Pour chaque paiement, utilisez les solutions de paiement sécurisées et les outils de vérification en temps réel désormais largement intégrés aux plateformes de gestion financière. Enfin, le travail en amont s’effectue d’ores et déjà à l’établissement de la facture ou à la signature du contrat, où maintes précautions devront être mentionnées afin d’éviter tout retard ou non-paiement. Seront à marquer clairement l’échéance, les pénalités de retard, et les frais de recouvrement à la charge du client en cas d’impayé, conformément aux évolutions législatives en vigueur en 2026.

En aval : guérir

Si malgré toutes ces précautions, vous avez encore du mal à vous faire payer, des perspectives efficaces existent pour régler votre différend avec votre client. Il est toujours conseillé de passer par des procédures amiables avant d’avoir recours à la justice.

La première attitude à avoir est de réagir en cas de retard de paiement. Dès que la date de l’échéance est dépassée, il faudra relancer le client poliment mais fermement, d’abord par téléphone ou par messagerie professionnelle, l’avantage de la première méthode étant d’identifier l’objet du retard (un oubli, un problème de trésorerie passager), puis par courrier recommandé électronique ou papier.

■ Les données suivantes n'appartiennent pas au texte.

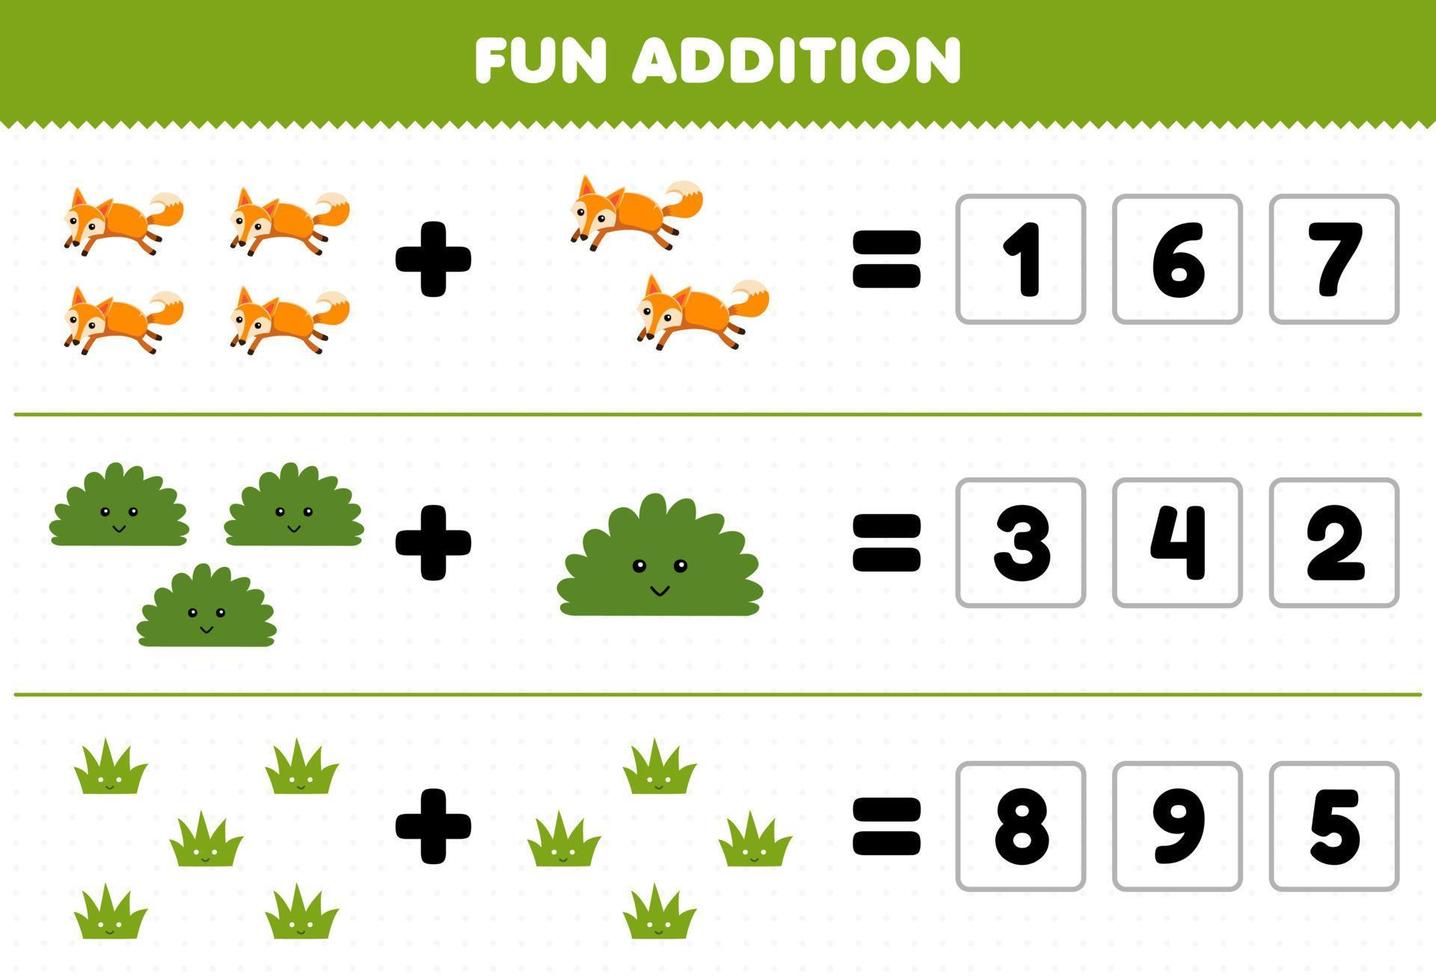 jeu éducatif pour les enfants ajout amusant en devinant le nombre correct de dessin animé mignon renard buisson herbe feuille de travail nature imprimable vecteur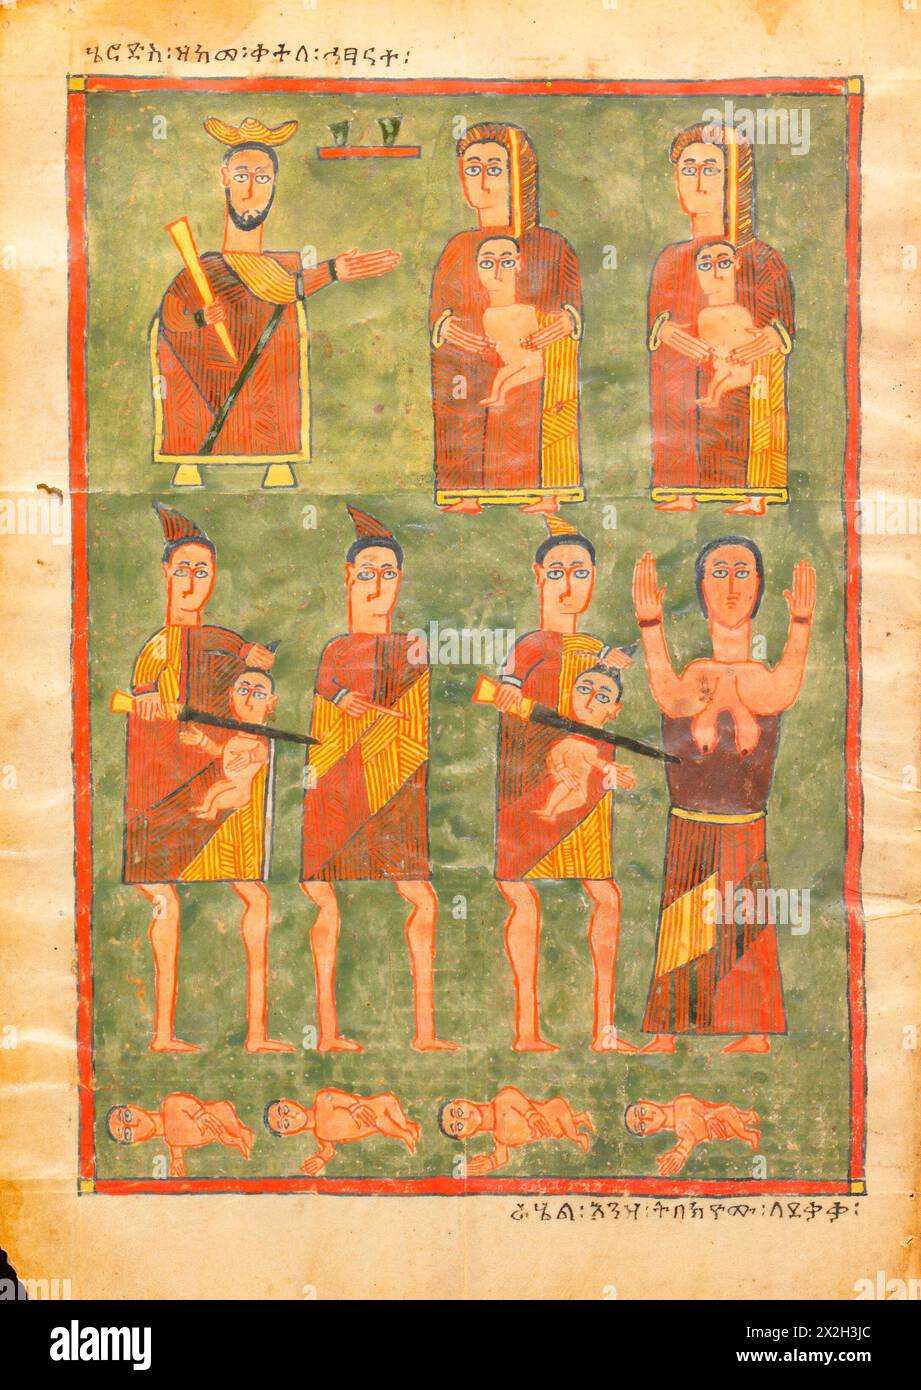 Evangile illuminé - peuples Amhara - le massacre des innocents - fin du XIVe au début du XVe siècle Banque D'Images

Pour une première fois, vous pouvez faire preuve d’indulgence et mentionner un nouveau délai de paiement. Une agence de recouvrement digitale pourra engager ces procédures minutieuses à votre place. Si l’indulgence ne fonctionne pas, vous pourrez ensuite adresser une mise en demeure à votre client. Ce document le sommera de régler ses dettes sous une échéance définitive, avec application des pénalités de retard. Si vous êtes fournisseur de services, vous pourrez également suspendre l’accès à vos outils ou prestations jusqu’au recouvrement des dettes. Un commissaire de justice (appellation actuelle des huissiers) pourra être mis à contribution au stade de la sommation.

En dernier lieu uniquement, lorsque les procédures à l’amiable n’auront fait aucun effet, il faudra avoir recours à la justice en faisant appel au tribunal de commerce ou au tribunal judiciaire. La justice intimera le débiteur à un recouvrement par voie judiciaire, incluant, le cas échéant, des saisies conservatoires, bien que ces procédures puissent nécessiter un temps de traitement incompressible.